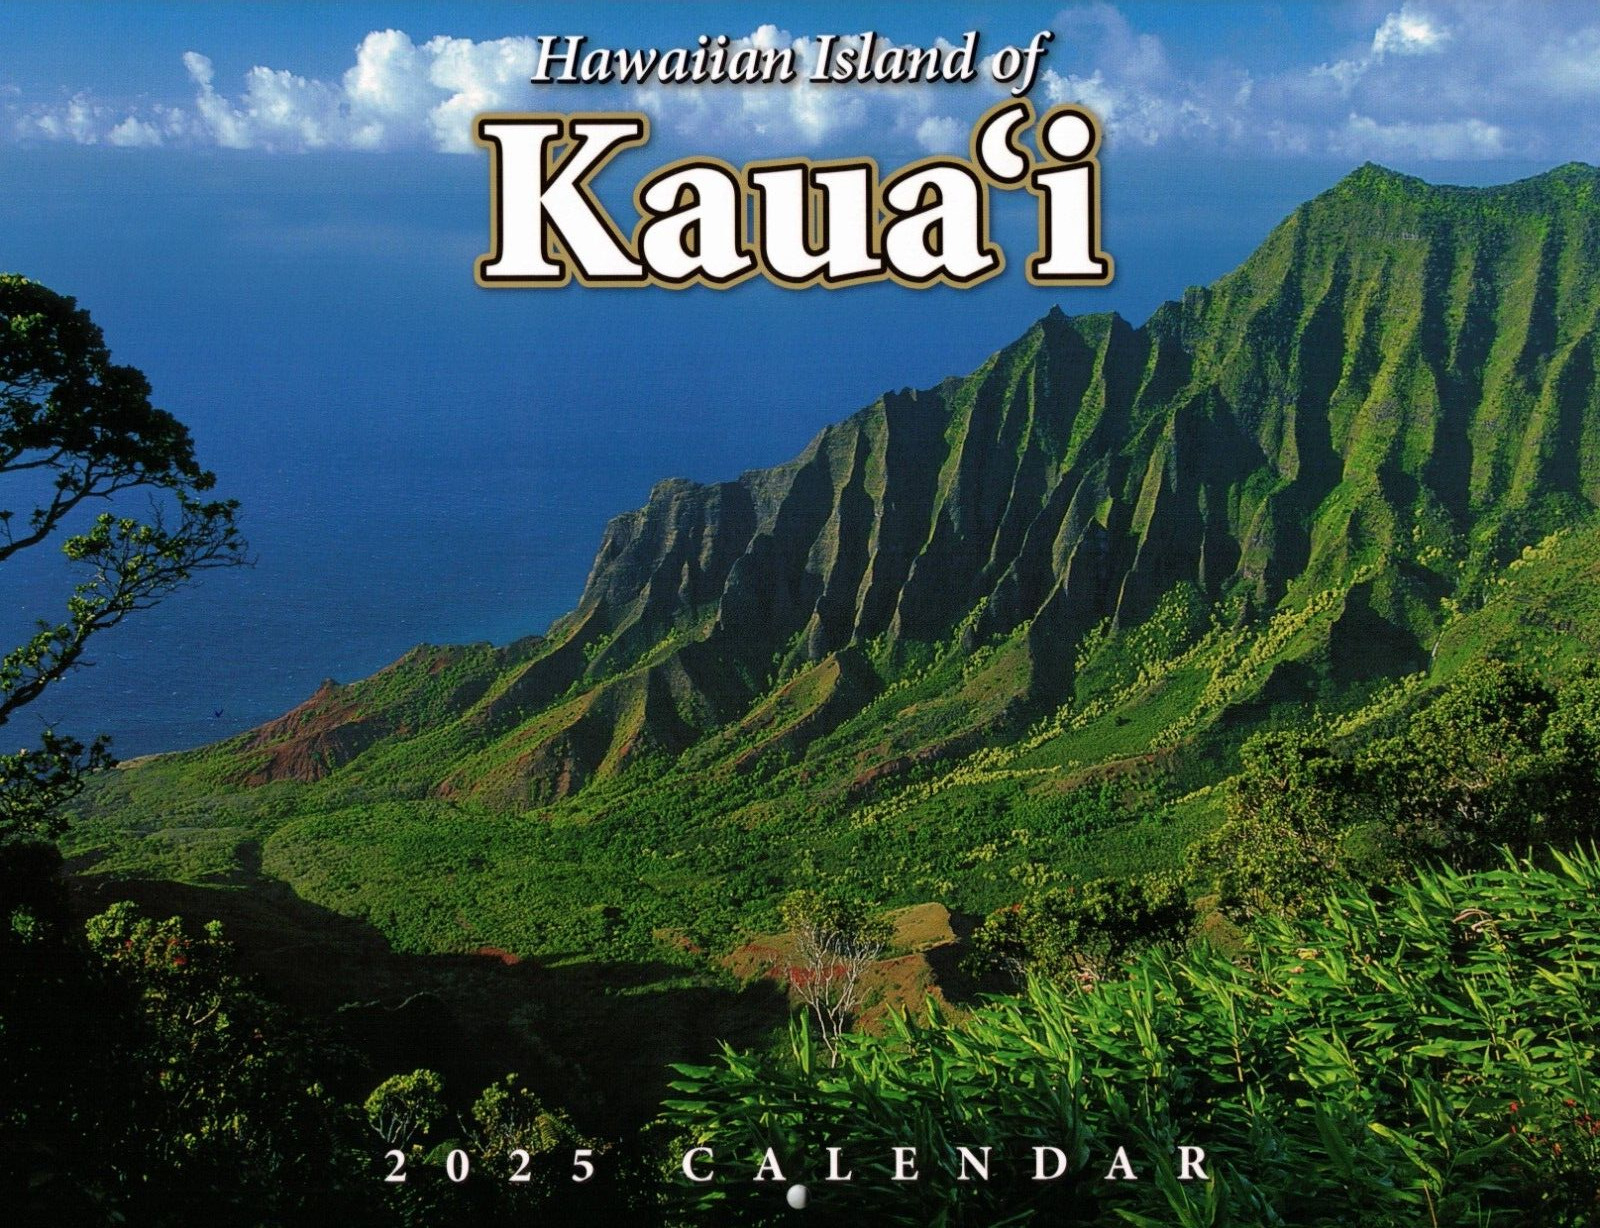 2025 CALENDAR - HAWAIIAN ISLAND OF KAUAI
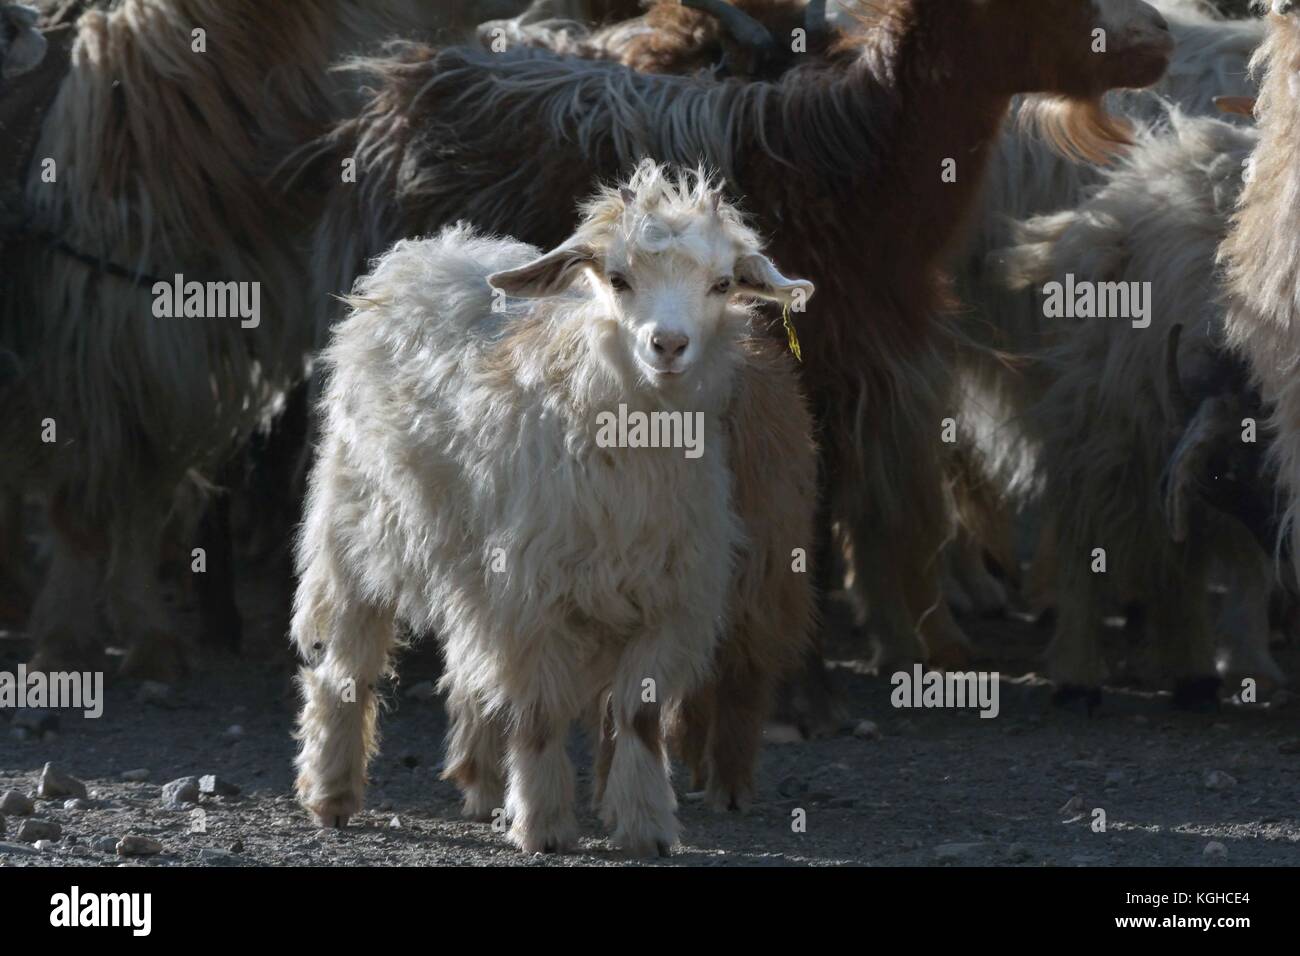 Petite chèvre blanche avec de la laine à poils bouclés, se tient en arrière-plan un troupeau de chèvres. Banque D'Images
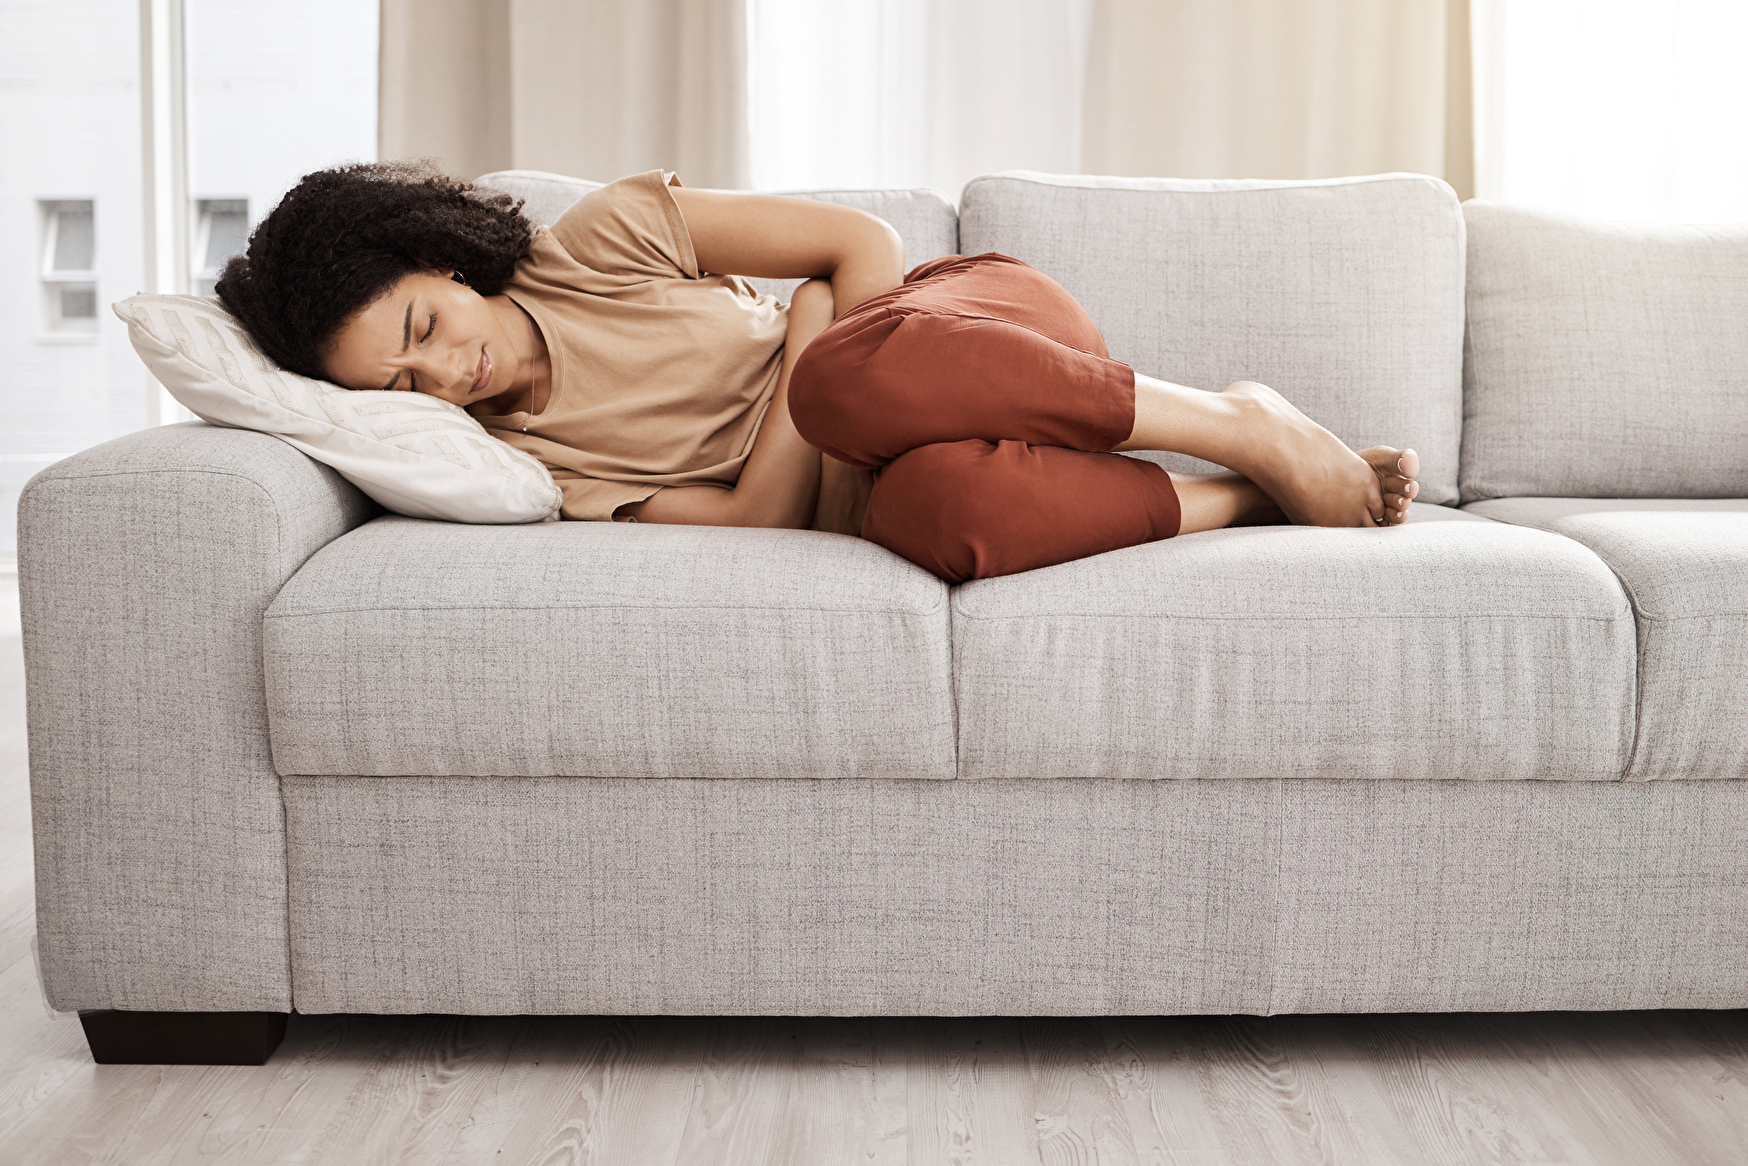 Eine Frau schläft auf einer bequemen Couch in einem gemütlichen Wohnzimmer.
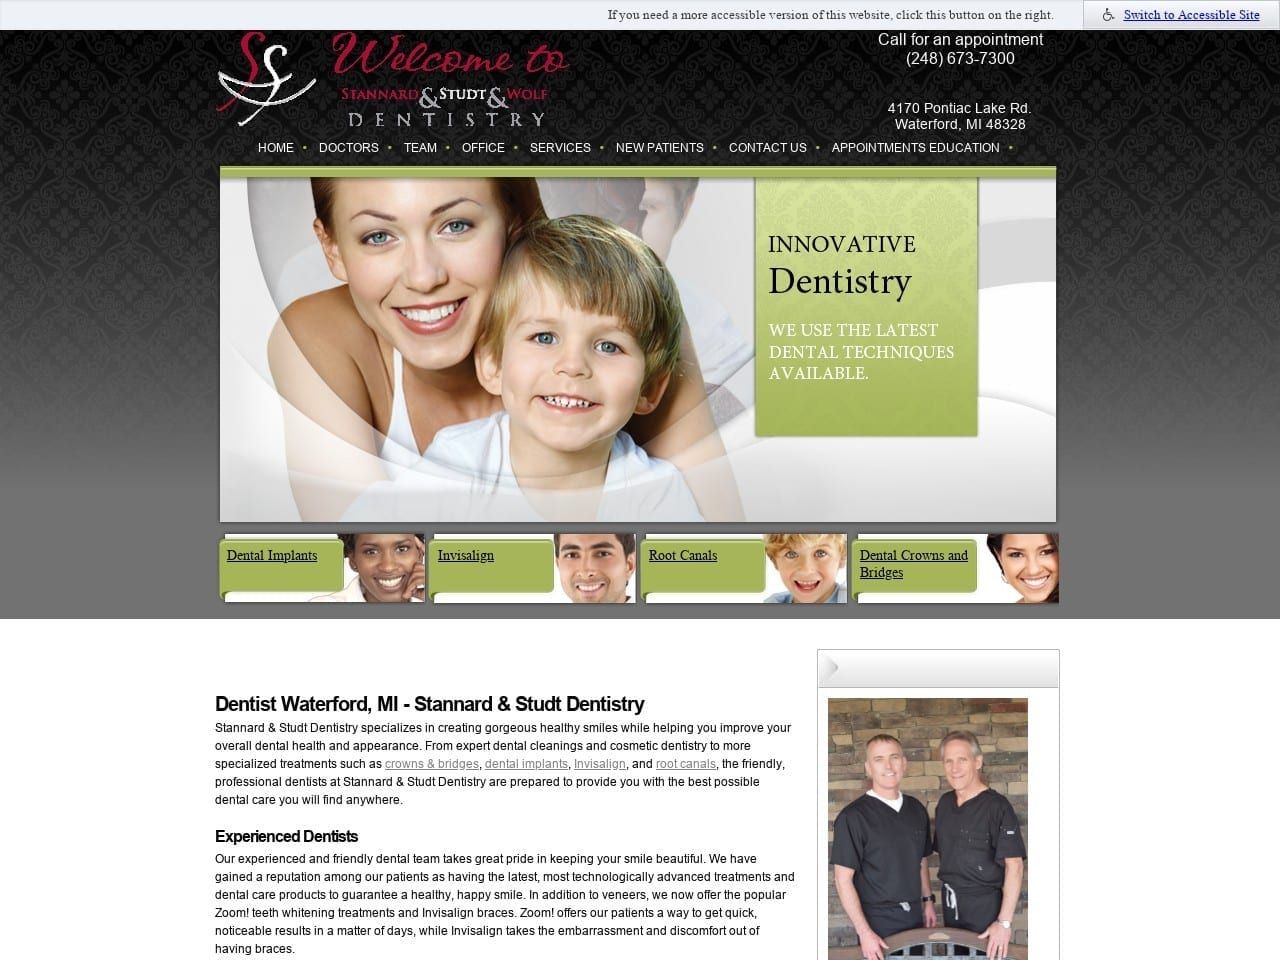 Dr. Sean P. Stannard DDS Website Screenshot from stannardstudt.com
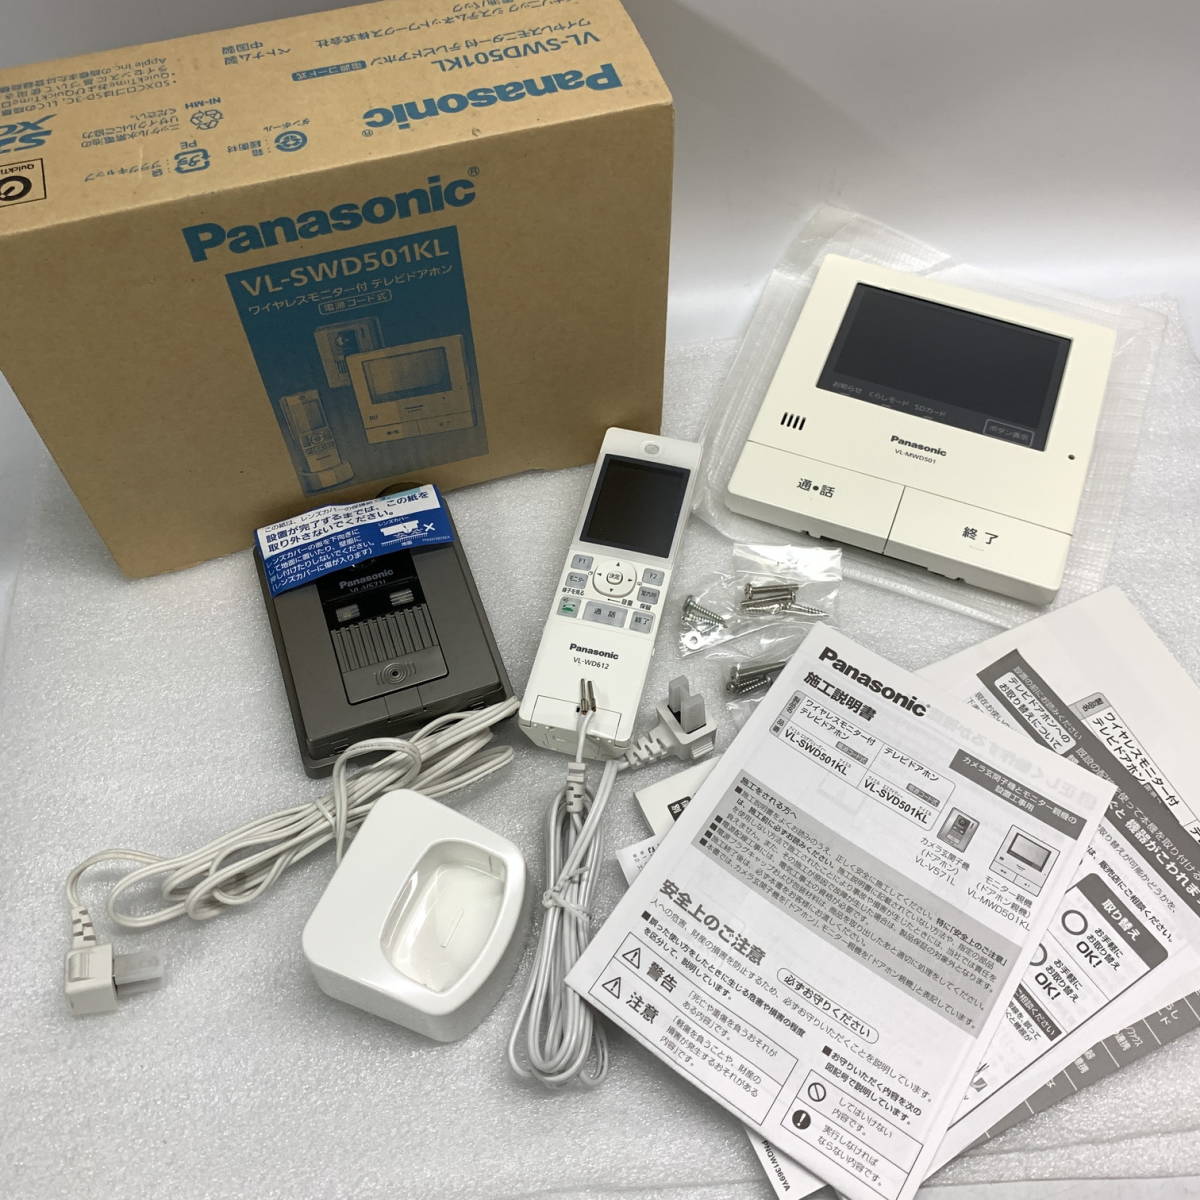 ◇ Panasonic ワイヤレスモニター付 テレビドアホン VL-SWD501KL
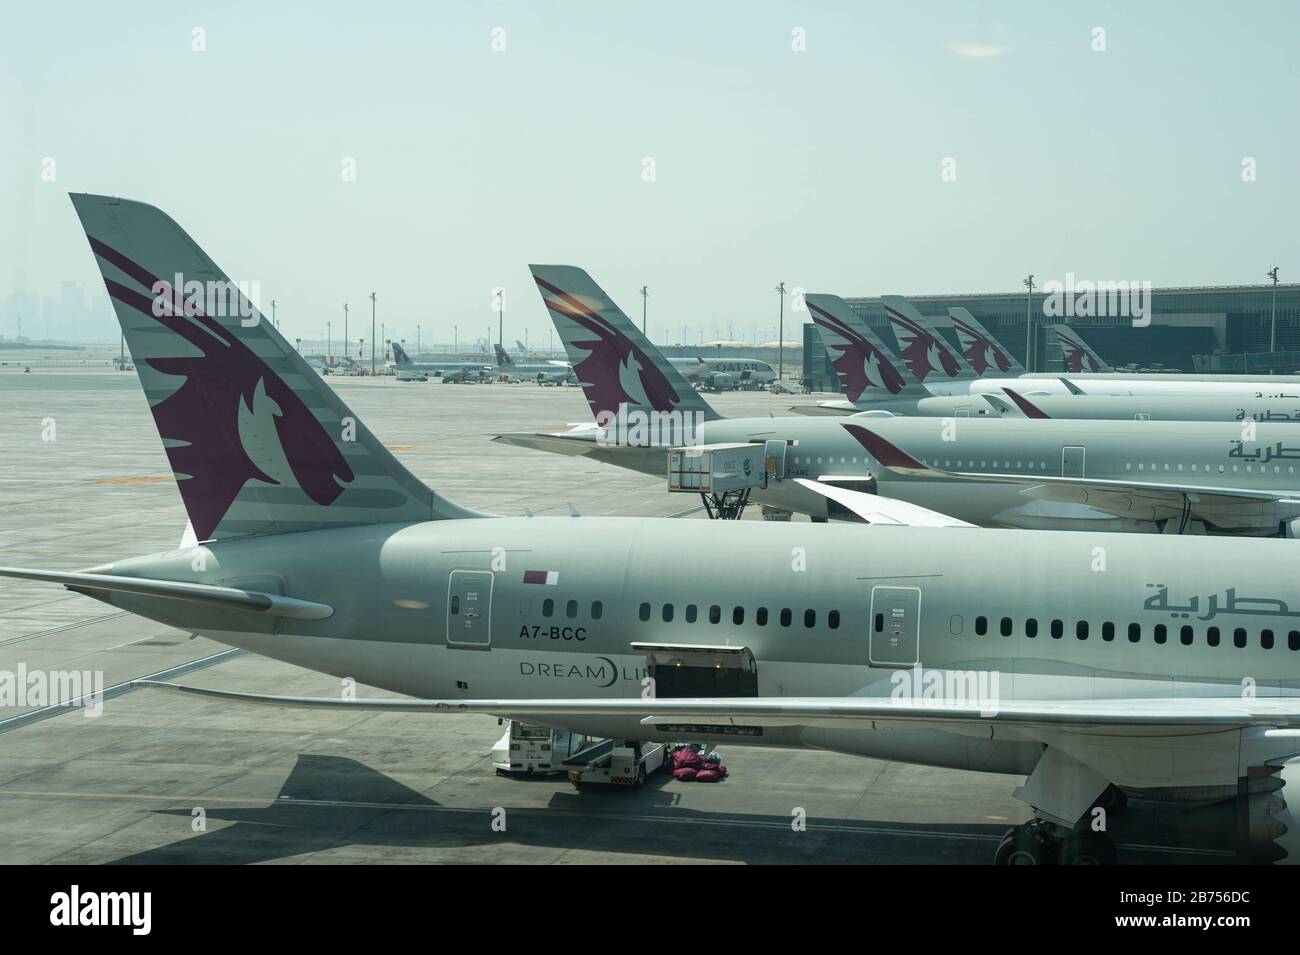 05.06.2019, Doha, Qatar - Qatar Airways passenger aircraft at ...

[REQUIREMENT]: Transcribe the material exactly, keeping every word and none of the pictures.

[ANSWER FOR THE TASK]:
 2025 CALENDAR - HAWAIIAN ISLAND OF KAUAI
 Petite chèvre blanche avec de la laine à poils bouclés, se tient en arrière-plan un troupeau de chèvres. Banque D'Images
 Eine Frau schläft auf einer bequemen Couch in einem gemütlichen Wohnzimmer.
 Dr. Sean P. Stannard DDS Website Screenshot from stannardstudt.com
 ◇ Panasonic ワイヤレスモニター付 テレビドアホン VL-SWD501KL
 05.06.2019, Doha, Qatar - Qatar Airways passenger aircraft at ...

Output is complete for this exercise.